Wow, Tucker must be so jealous of Shadow. Poor guy..... LOL


----------



## Debles (Sep 6, 2007)

My boys have lost weight by reducing their kibble to 1 and 1/2 to 3/4 cups a day plus green beans.I use canned green beans but rinse them very well due to the salt.
I also cut out treats but have been doing training again so had been splitting a treat between them and I noticed Selka's waist is disappearing again! Poor boy, like his mom, he gains just looking at food! Gunner gets more exercise also.


----------



## Jo Ellen (Feb 25, 2007)

No kidding LOL ... how do you manage that Kimm?

Sometimes I eat in the closet :curtain:


----------



## Goldilocks (Jun 3, 2007)

Pippa is currently 69 pounds and eats 2 cups of EVO (487cal/cup) plus about 1/2 cup of Honest Kitchen per day (around 250 cal/cup). This calorie count has to come down for winter or else she will be getting heavy again. I think the most important thing, as others have said, is knowing the calories per cup in the food you are feeding. One of the vet's at our clinic told my brother regardless of what the dog eats, a normal, healthy Golden Retriever needs 1,200 calories per day. I have trouble with this because there are times that is way too much food for my young, active Golden.


----------



## Penny & Maggie's Mom (Oct 4, 2007)

Goldilocks said:


> Pippa is currently 69 pounds and eats 2 cups of EVO (487cal/cup) plus about 1/2 cup of Honest Kitchen per day (around 250 cal/cup). This calorie count has to come down for winter or else she will be getting heavy again. I think the most important thing, as others have said, is knowing the calories per cup in the food you are feeding. One of the vet's at our clinic told my brother regardless of what the dog eats, a normal, healthy Golden Retriever needs 1,200 calories per day. I have trouble with this because there are times that is way too much food for my young, active Golden.


My vet is also a golden owner and says that goldens are the "hybrids" of the dog world. When I asked him to explain, he said think of the hybrid cars that go a LONG way on very little fuel. All that being said, youhave to know your dog... just like humans, their metabolism differs from dog to dog and even at different stages of their life. I think we all have to be aware of how many calories they are getting a day, and be vigilant in seeing what their weight does and how their body looks, day to day, season to season.


----------



## tintallie (May 31, 2006)

How tall is your dog Maggie at the withers (shoulders)? 

The breed standard for the Golden Retriever is 21.5-22.5" for a female with a weight between 60-70lbs and 23-24" for a male with a weight of 65-75lbs.

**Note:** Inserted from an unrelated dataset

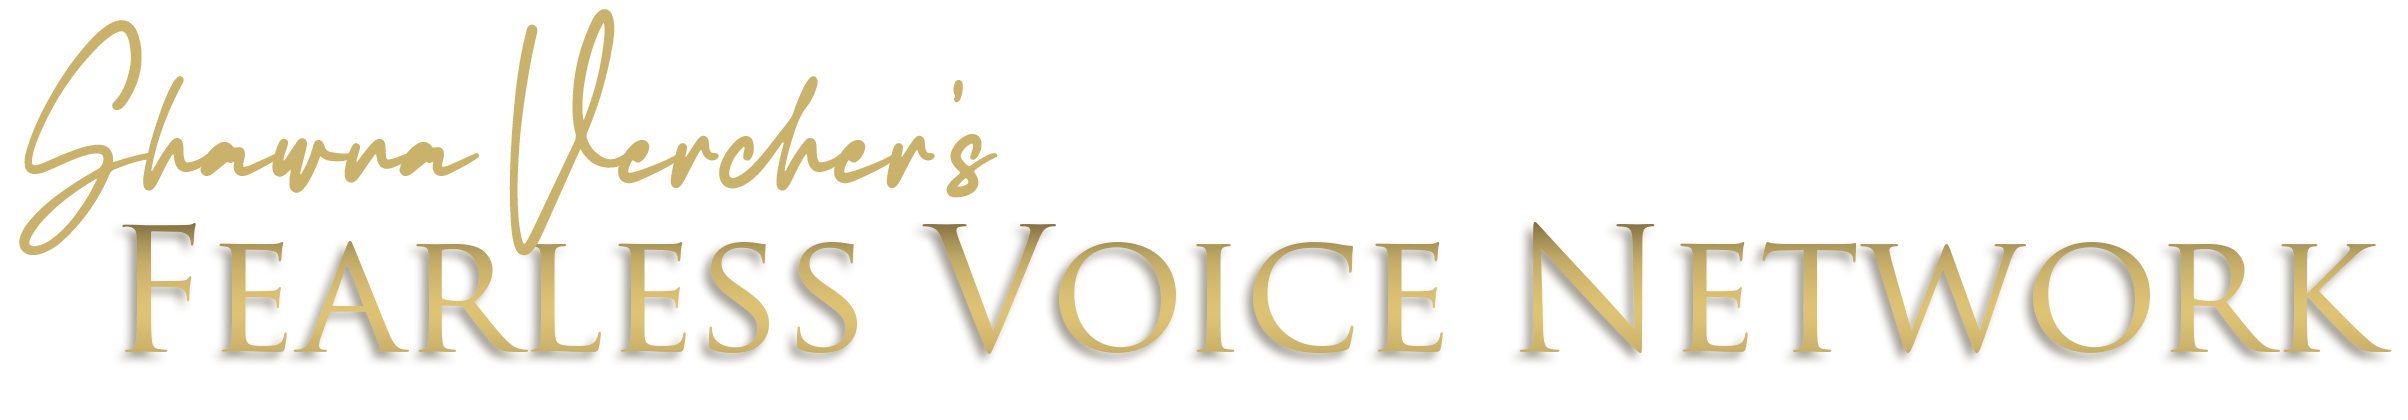 Shawna Vercher's Fearless Voice Network

You can be up to one inch above or below the standard so you are looking at a weight range between 55lbs to 80lbs ideally. If your dog's height is significantly outside of the standard, then the weight range of 55lbs to 80lbs will change.

My dog is 22.5" tall at the withers and his ideal weight is between 65-68lbs and he is stocky with a LOT of bone. People always comment on the size of his blocky head and huge paws (same width as my four fingers).


----------



## Aprilpa (Mar 24, 2008)

My dogs all vary. My Goldens eat 2 cups once a day. They tend to be on the slimmer side, especially Berkley, so in the summer when they are burning up more energy they will sometimes go up to 2 1/2 or 3 cups a day. They all also get Salmon Oil on their food and sometimes will get some canned as a special treat. 

My outside girl Bandit (who is a mix) gets the same amount except in the winter when she goes up sometimes as high as 3-4 cups a day. She is the same size and weight as the goldens, but needs the extra calories for keeping warmer in the winter.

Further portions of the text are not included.